**Aim of the task:** Pictures stay out of the answer, but every line of the material must be restated exactly.

##### Provided material #####

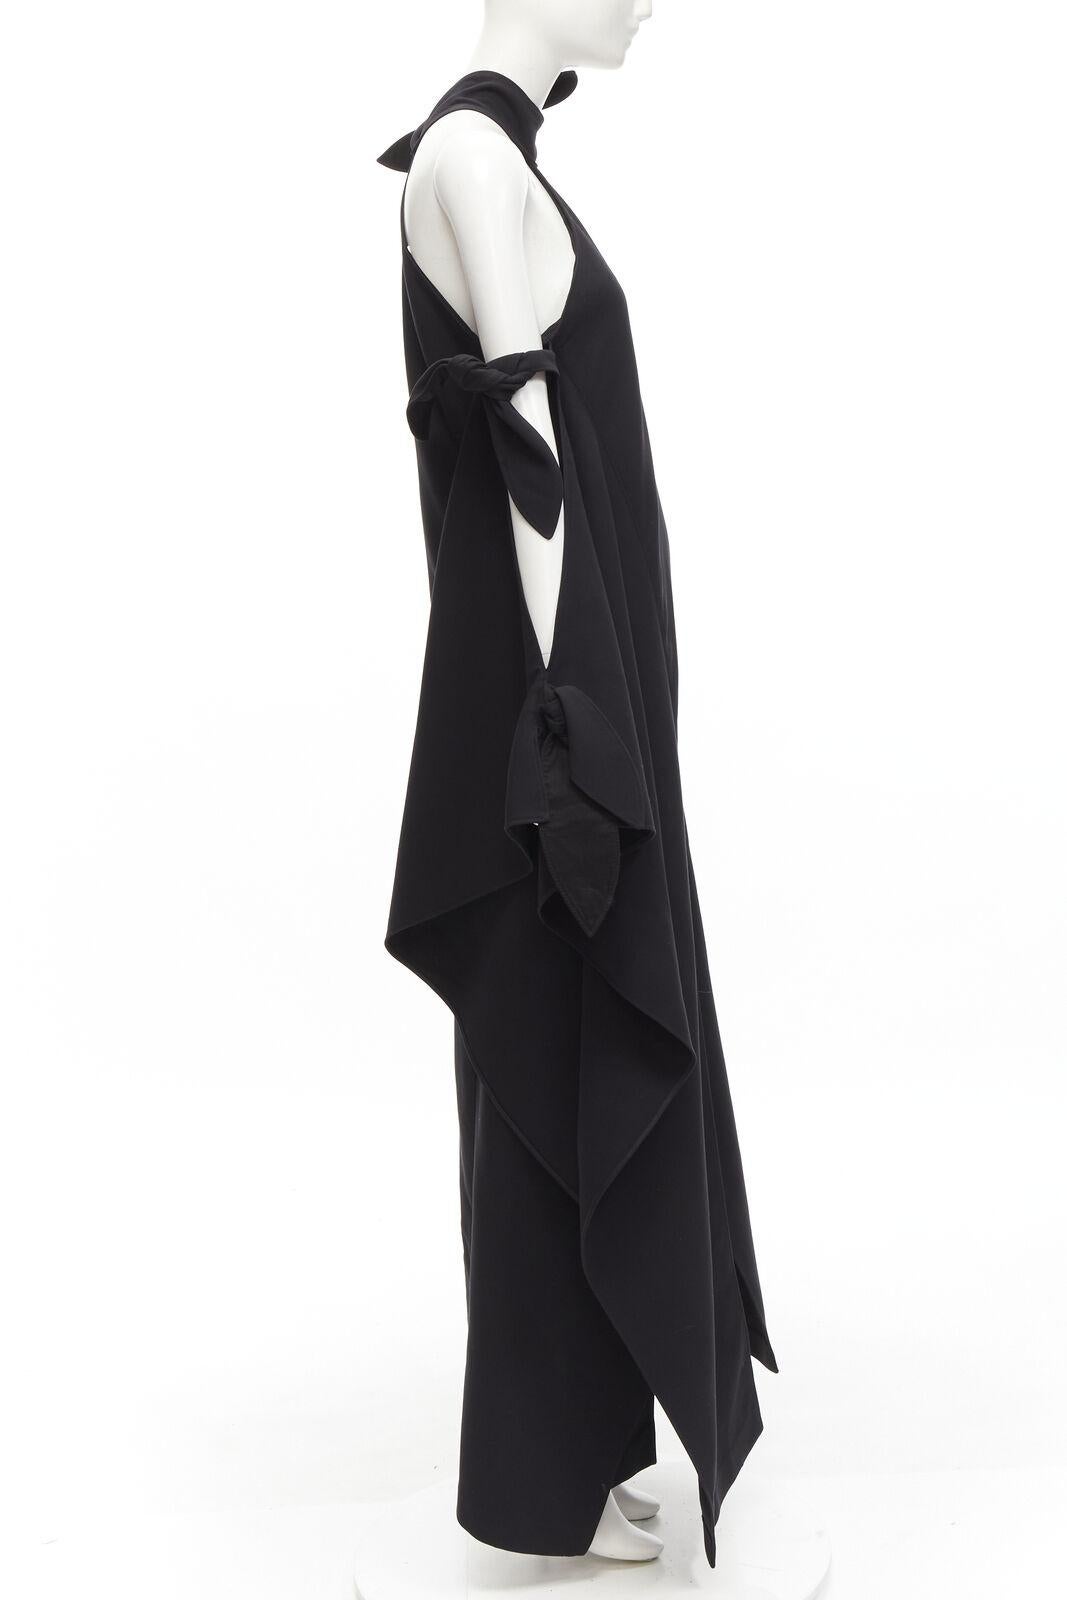 ROSIE ASSOULIN Robe de défilé noire à épaules dénudées et dos nu à fente haute, Taille US2 S, 2015 Excellent état - En vente à Hong Kong, NT
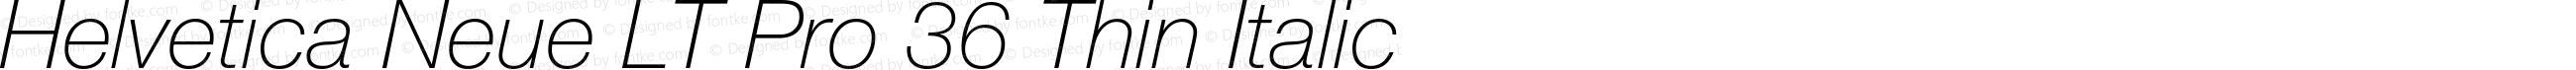 HelveticaNeueLT Pro 35 Th Italic
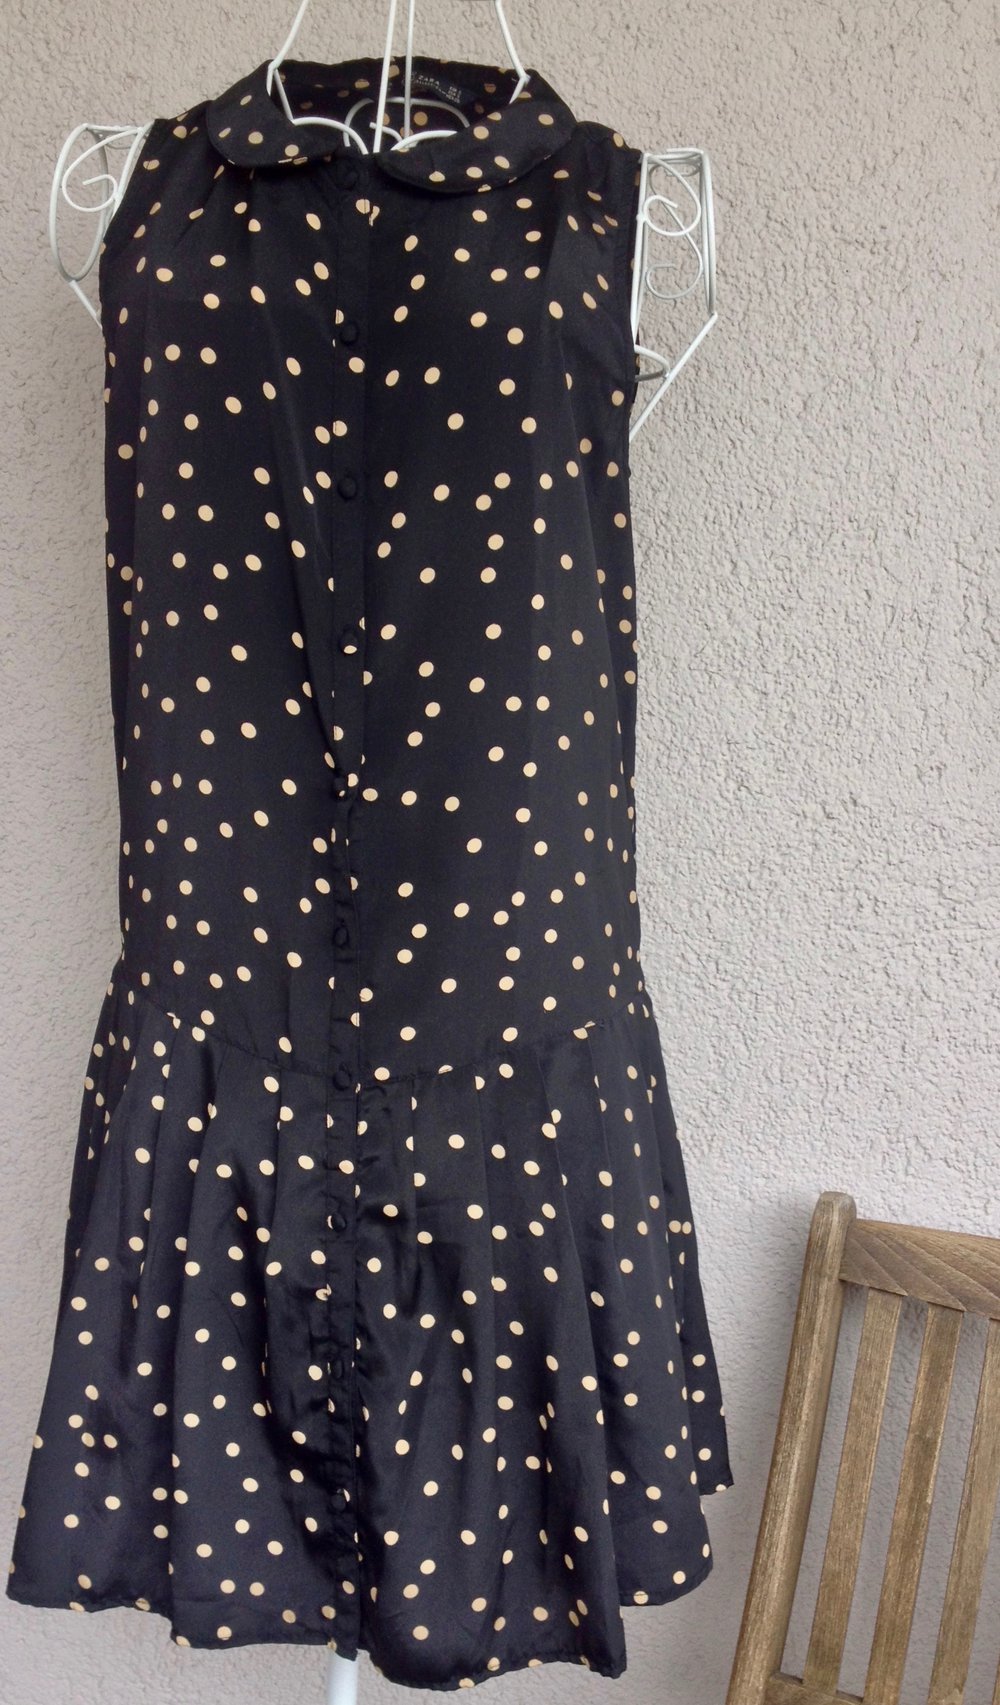 Zara wunderschönes Kleid mit Punkten :: Kleiderkorb.at

#####

**Exercise result:**
 ROSIE ASSOULIN Robe de défilé noire à épaules dénudées et dos nu à fente haute, Taille US2 S, 2015 Excellent état - En vente à Hong Kong, NT
 HelveticaNeueLT Pro 35 Th Italic
 Zara wunderschönes Kleid mit Punkten :: Kleiderkorb.at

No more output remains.